The ministry estimates it
will cost $150 million over the next year to clean up the spill. Mitri
defended the decision to delay beginning the cleanup on grounds that
it took until Thursday to arrange a place to store the oil and dirty
sand that would be recovered. And because of the Israeli bombing, many
roads and bridges in the country had been destroyed, she added.

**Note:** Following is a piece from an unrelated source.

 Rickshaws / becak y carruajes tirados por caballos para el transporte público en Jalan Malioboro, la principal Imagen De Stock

"Do we have the resources,
do we have the people, the space, the roads, the tractors and trailers
and (trucks) to move all this stuff around?" she asked. She admitted
that the ministry was overwhelmed by the scale of the disaster and that
"getting everything up and running is taking time."
The delay is infuriating
environmental groups, which see the need for urgent action. "Every
day we lose, part of the oil will not be recovered, and it will enter
the food system and the marine life," said Wael Hmaidan, coordinator
for Green Line's Oil Spill Working Group.
Steiner said, "It appears
that the marine and coastal ecosystem is more contaminated than first
thought." He has advised governments on oil spills, including the
Exxon Valdez disaster in Alaska, and he told Reuters news service that
this spill was one of the worst he'd seen.
He has put together a cleanup
plan divided into three phases. A rapid-response plan for the rest of
August would focus on shoreline cleaning at Byblos, Ramlet al-Baida,
the area around Jiyeh and the Palm Island reserves. The rest of 2006
and 2007 would be concerned with expanded beach cleaning, including
rock washing, an effort to remove any recoverable oil on the sea surface.

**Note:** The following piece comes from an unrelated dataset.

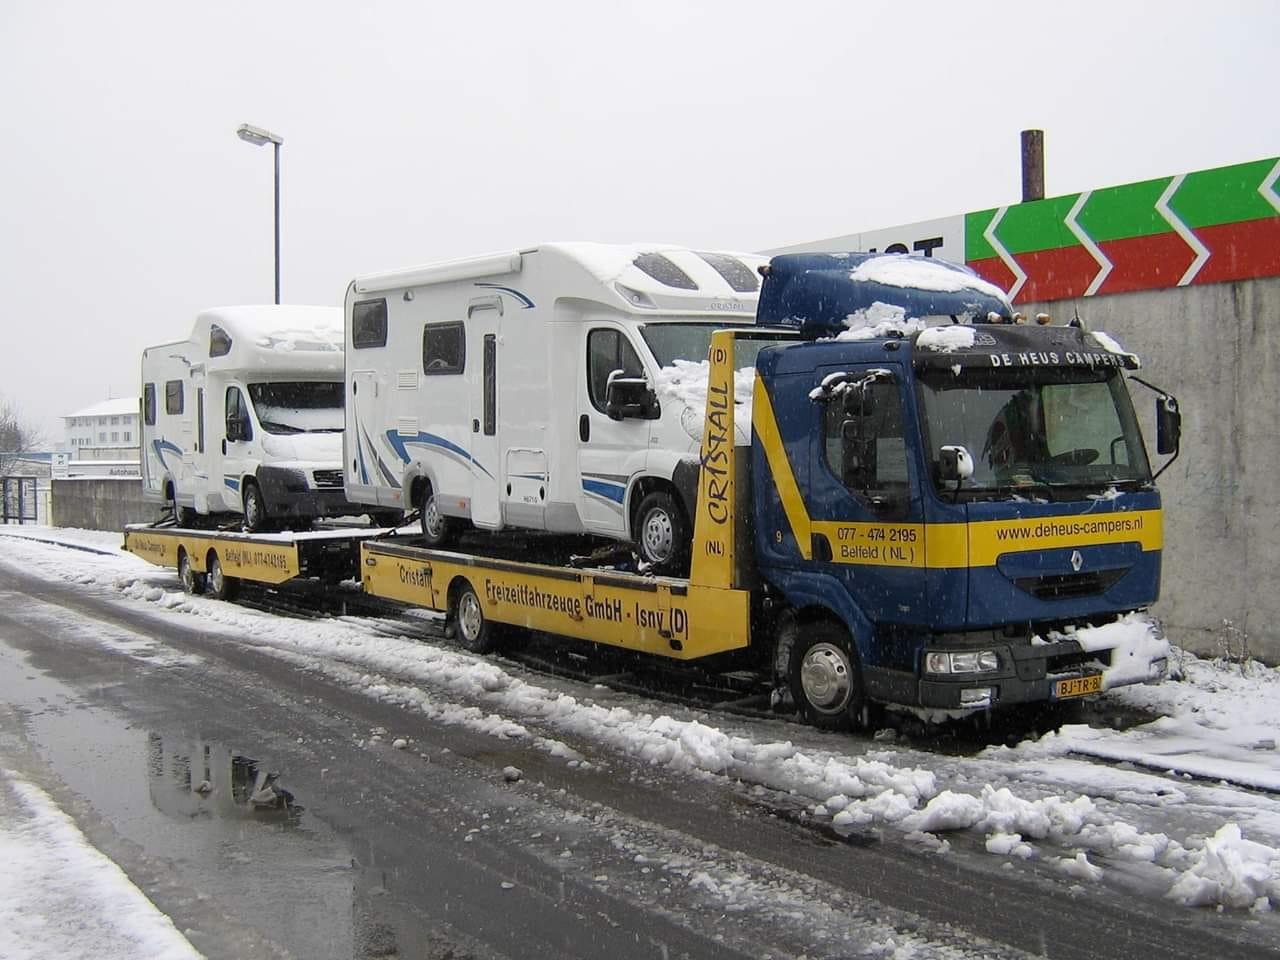 De-Heus-Campers-Belfeld

The final phase would address seabed contamination.
The health effects of the
spill could be dire. Thousands of families on the Lebanese coast depend
on fishing for their primary food supply, but surviving fish may contain
hydrocarbons and other carcinogens.
The economic effects of the
spill go far beyond the immediate coastline. More than 1.6 million tourists
had been expected to visit this year -- bringing in $4.4 billion, said
Tourism Minister Joe Sarkis. The economy had been growing between 5
and 6 percent because of the tourism boom. "Unfortunately, the
war stopped everything," he said.
Tourism accounts for about
12 percent of Lebanon's economy, and seaside resorts and restaurants
accounted for more than half of that. "Without the sea, it would
reduce the attraction of Lebanon," Sarkis said. "It might
take between one and two years to clean."
Lebanon has about 200 beaches
and all have been affected, he said. He said resorts such as Eddé
Sands and the Movenpick, both of which declined to comment for this
article, have all been affected, and many will remain closed for an
unknown period of time.
"Over the longer term,
one year, two years, three years, unless this is cleaned up, unless
the oil is taken out of the sand and pebbles, there's always going to
be a question mark as to whether this is a holiday destination spot
to go to," echoed Nuttall of the United Nations.
At a meeting in Athens on
Aug. 17, the International Maritime Organization and the U.N. Environment
Program agreed to spend an initial $64.4 million on cleanup and containment
of the spill. Nuttall said equipment from Spain, France and other countries
bordering on the Mediterranean was en route to the spill region.
And Green Line has finally
gotten permission to start the cleanup at Ramlet al-Baida. Hmaidan said
they were able to bulldoze the sand into piles ready to be trucked away
by the ministry. From there, Mitri said, the sand can either be reused
in another industry, stored or cleaned and returned. The latter is the
preferred solution, but she said the equipment and expertise do not
exist yet in Lebanon.
"The beach is bad, but
this is the case with 100 kilometers (62 miles) of Lebanese coastline,"
said Hmaidan. "This is the biggest environmental disaster in the
history of the eastern Mediterranean."